That was assuming you were using a SSD disk, which can do a page operation in 1 millisecond, which is pretty optimistic, in particular for the writes. If we simulate a mechanical disk, by setting the I/O time to a still optimistic 10 milliseconds instead:

(fig 4)

Now B-heap is 10% faster as soon as the kernel steals just one single page from our 1954 page working set and 37% faster when four pages are missing.

So what is a B-heap anyway ?

The only difference between a binary heap and a B-heap is the formula for finding the parent from the child or vice versa.

The traditional n -> {2n, 2n+1} formula leaves us with a heap built of virtual pages stacked one over the next, which causes (almost) all vertical traversals to hit a different VM page for each step up or down in the tree, as shown in figure 5, with 8 items per page:

(fig 5)

(The numbers show the order in which objects are allocated, not the key values)

The B-Heap builds the tree by filling pages vertically, to match the direction we traverse the heap:

(fig 6)

This rearrangement increases the average number of comparison/swap operations required to keep the tree invariant true, but ensures that most of those comparisons happen inside a single VM page, and thus reduces the VM footprint and consequently VM page faults.

Two details are worth noting:

Once we leave a VM page through the bottom, it is important for performance that both child nodes live in the same VM page, because we are going to compare them both to their parent.

Because of this, the tree fails to expand for one generation, every time it enters a new VM page, in order to use the first two elements in the page productively.

In our simulated example above, failure to do so would require 5 pages more.

If that seems unimportant to you, you are doing it wrong: Try shifting the B-Heap line 20kB to the right in figure 2 and three above, and think about the implications.

The parameters of my simulation are chosen to represent of what happens in real life in Varnish, and I have not attempted to comprehensively characterize or analyze the performance of the B-heap for all possible parameters.

Likewise, I will not rule out that there are smarter ways to add VM-clue to a binary heap, but I am not inclined to buy a ticket to the Trans-Siberian in order to find time to work it out.

The order of magnitude difference obviously originates with the number of levels of heap inside each VM page, so the ultimate speedup will be on machines with small pointer sizes and big page sizes, a very pertinent observation, as OS-kernels start to use superpages to keep up with increased I/O throughputs.

My esteemed FreeBSD colleague Colin Percival helpfully pointed out, that the change I have made to the binary heap is very much parallel to the change from binary tree to B-tree, so I have adopted his suggestion and named my new variant a "B-heap"[fn]

{[fn] Does CACM still enumerate algorithms, and is 8 bits still enough ?}

So why are you, and I, still doing it wrong ?

There used to be an (in)famous debate: "Quicksort vs.
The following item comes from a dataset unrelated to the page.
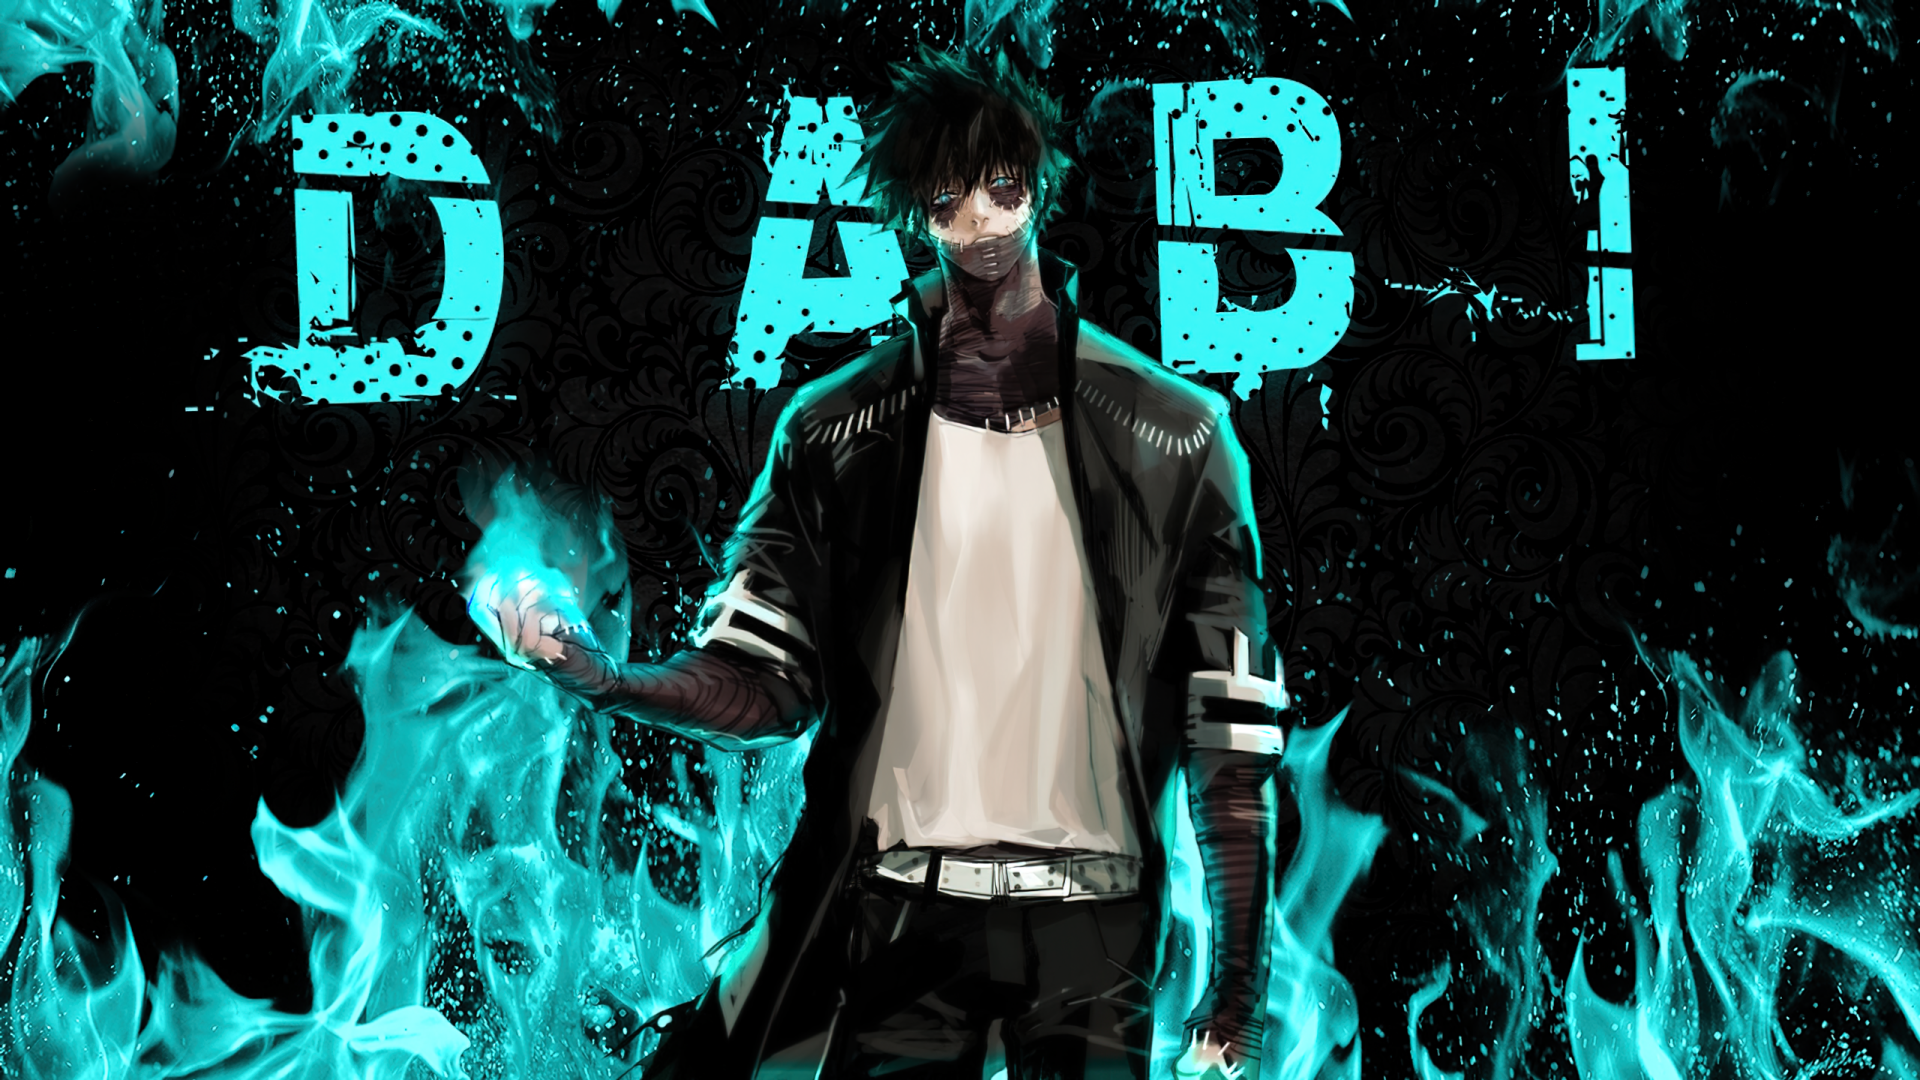 Bad Boy Anime Wallpapers - Wallpaper Cave

Heapsort", centering on the fact that the worst case behavior of the former is terrible, whereas the latter has worse average performance but no such "bad spots". Depending on your application, that can be a very important difference.

But we lack a similar inquiry into algorithm selection in the face of the anisotropic memory access delay, caused by virtual memory, CPU caches, write buffers and other facts of modern hardware.

Whatever book you learned programming from, it probably had a figure within the first 5 pages, showing a computer as consisting of:

MEMORY ---- CPU ---- I/O

(fig 7)

That is where it all went pear-shaped: that model is totally bogus today.

But it is, amazingly, the only conceptual model used in computer education, despite the fact that it has next to nothing to do with the execution environment on a modern computer.

And just for the record: by "modern" I mean "VAX 11/780 or later."

The last 30-40 years of hardware and operating systems development seems to have only marginally impinged on the agenda in CS departments algorithmic analysis section, and as far as my anecdotal evidence, it has totally failed to register in the education they provide.

The speed disparity between primary and secondary storage on the ATLAS computer were on the order of 1:1000. The ATLAS drum took 2 milliseconds to deliver a sector, instructions took approx 2 microseconds to execute. You lost around 1000 instructions for each VM page fault.

On a modern multi-issue CPU, running at some gigahertz clock frequency, the worst case loss is almost 10 million instructions per VM page fault. If you are running with a rotating disk, the number is more like 100 million instructions[fn].

{[fn] And below the waterline there are the flushing of pipelines, now useless, and in the way, cache content, page table updates, look-a-side buffer invalidations, page table loads c. &c. It is not atypical to find instructions in the "for operating system programmers" section of the CPU databook, which take hundreds or even thousands of clock-cycles, before everything is said and done.}

What good is an O(log2(n)) algorithm, if those operations cause page faults and slow disk operations ? For most relevant datasets an O(n) or even an O(n^2) algorithm, which avoids page faults, will run circles around it.

Performance analysis of algorithms will always be a (the ?) cornerstone achievement of Computer Science, and like all of you, I really cherish the fold-out chart with the tape-sorts in volume 3 of The Art of Computer Programming.

But the results coming out of the CS department would so much more interesting and useful, if they applied to real computers and not just toys like ZX-81, C-64 and TRS-80.

Poul-Henning Kamp

$Id: queue.html,v 1.15 2010/05/14 21:10:49 phk Exp $